The Pennsylvania Supreme Court on Friday ordered a new hearing for a teacher's assistant fired in 2002 from her job in Westmoreland County for allegedly violating a district morality clause.

Sherie Leigh Vrable, 49, of Washington Township in Fayette County, has sought for five years to be reinstated to her job as a teaching assistant in an emotional support class with the Westmoreland Intermediate Unit, claiming her firing was inappropriate.

The 3-2 appellate court decision effectively overturns two lower court rulings that affirmed Vrable's firing.

Vrable, a 23-year teaching veteran, was fired after she was found unconscious in a restroom at West Newton Elementary School. Court records show that Vrable was treated for an overdose of Fentanyl, a pain-relief drug similar to morphine, from a patch she had placed on her back.

West Newton police subsequently charged Vrable with possession of a controlled substance. She was sentenced to a year's probation without verdict for the offense.

The Intermediate Unit concluded that Vrable's actions constituted immorality because it occurred on school property and set a poor example for students.

Her firing was initially reversed by a state arbiter. The arbiter ruled that Vrable would not receive any back pay, but made her reinstatement subject to successful completion of a drug and alcohol treatment class and unannounced, periodic alcohol and drug screening.

That decision was appealed by the Intermediate Unit and in 2003 Westmoreland Judge Gary Caruso found that the district had appropriate grounds to terminate her employment.

In 2005, a three-judge panel of the state Commonwealth Court issued a split decision that affirmed Caruso's ruling and upheld the firing.

But now the Supreme Court has sided with the arbiter, suggesting Vrable's conduct was not immoral.

The court said, "We conclude, contrary to the Commonwealth Court majority, that the arbitrator's interpretation which resulted in his award can rationally be derived from the collective bargaining agreement."

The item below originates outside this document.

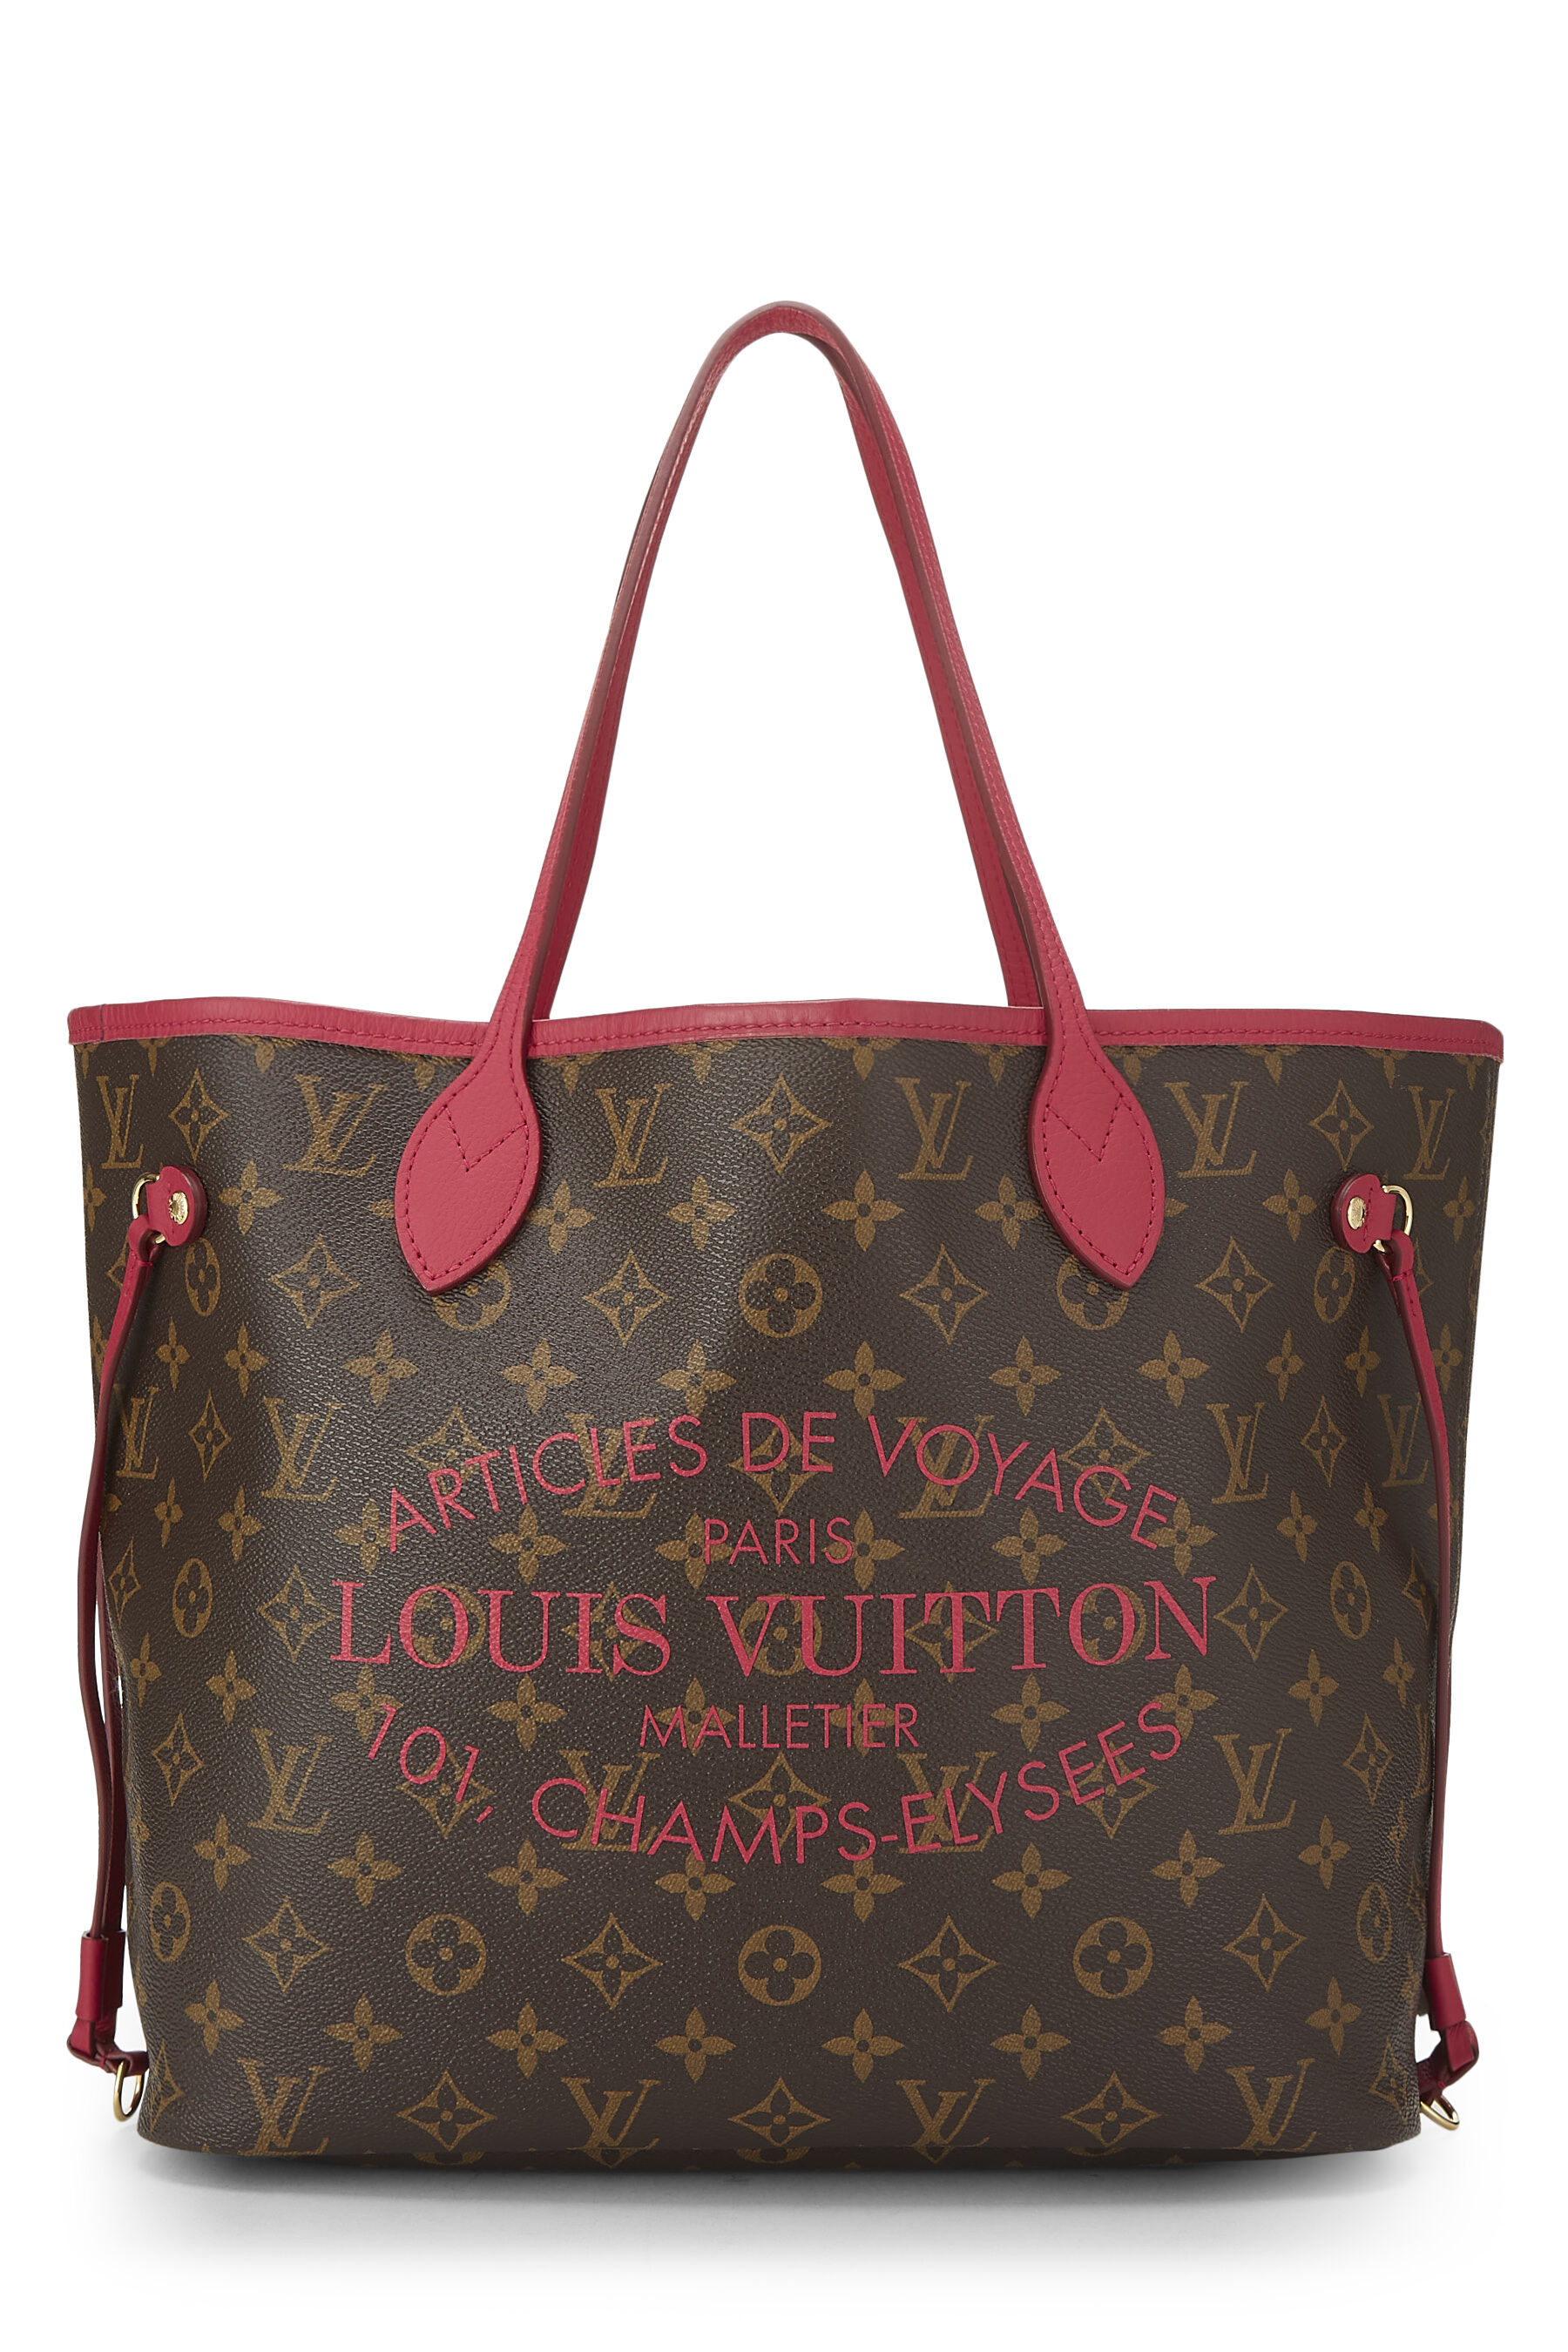 Louis Vuitton, Bags, Louis Vuitton Aricles De Voyage Tote
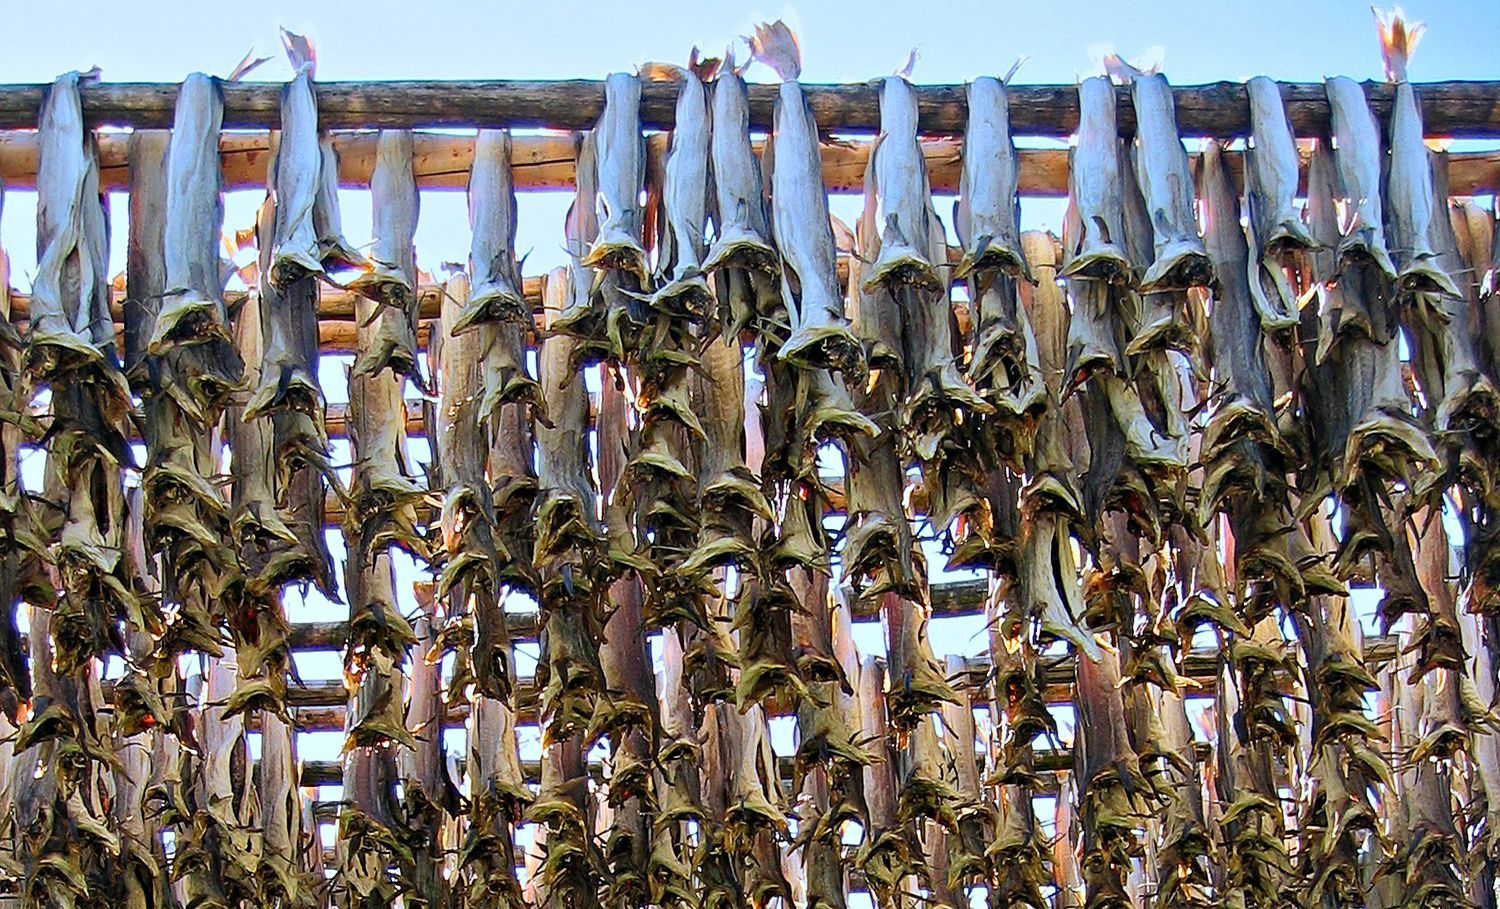 Stockfish drying process

Its opinion noted that "the arbitrator sustained the Association's grievance by finding that the Intermediate Unit lacked just cause to terminate Ms. Vrable because her conduct did not rise to the level of immorality.

"This conclusion was based upon the finding of a foolish mistake by Ms. Vrable in using a friend's Fentanyl patch; that this mistake did not so grossly offend the morals of the community so as to rise to the level of immorality, especially in light of it being the one and only one workplace incident in Ms. Vrable's 23-year unblemished tenure with the Intermediate Unit," the court said in a 19-page decision.

The court added that Westmoreland Common Pleas Court, at a future proceeding, should consider whether Vrable's reinstatement "contravenes a well-defined, dominant public policy that is ascertained by reference to the laws and legal precedents and not from mere general considerations of supposed public interests."

Vrable could not be reached for comment Friday.

Attempts to reach officials at the Intermediate Unit were unsuccessful.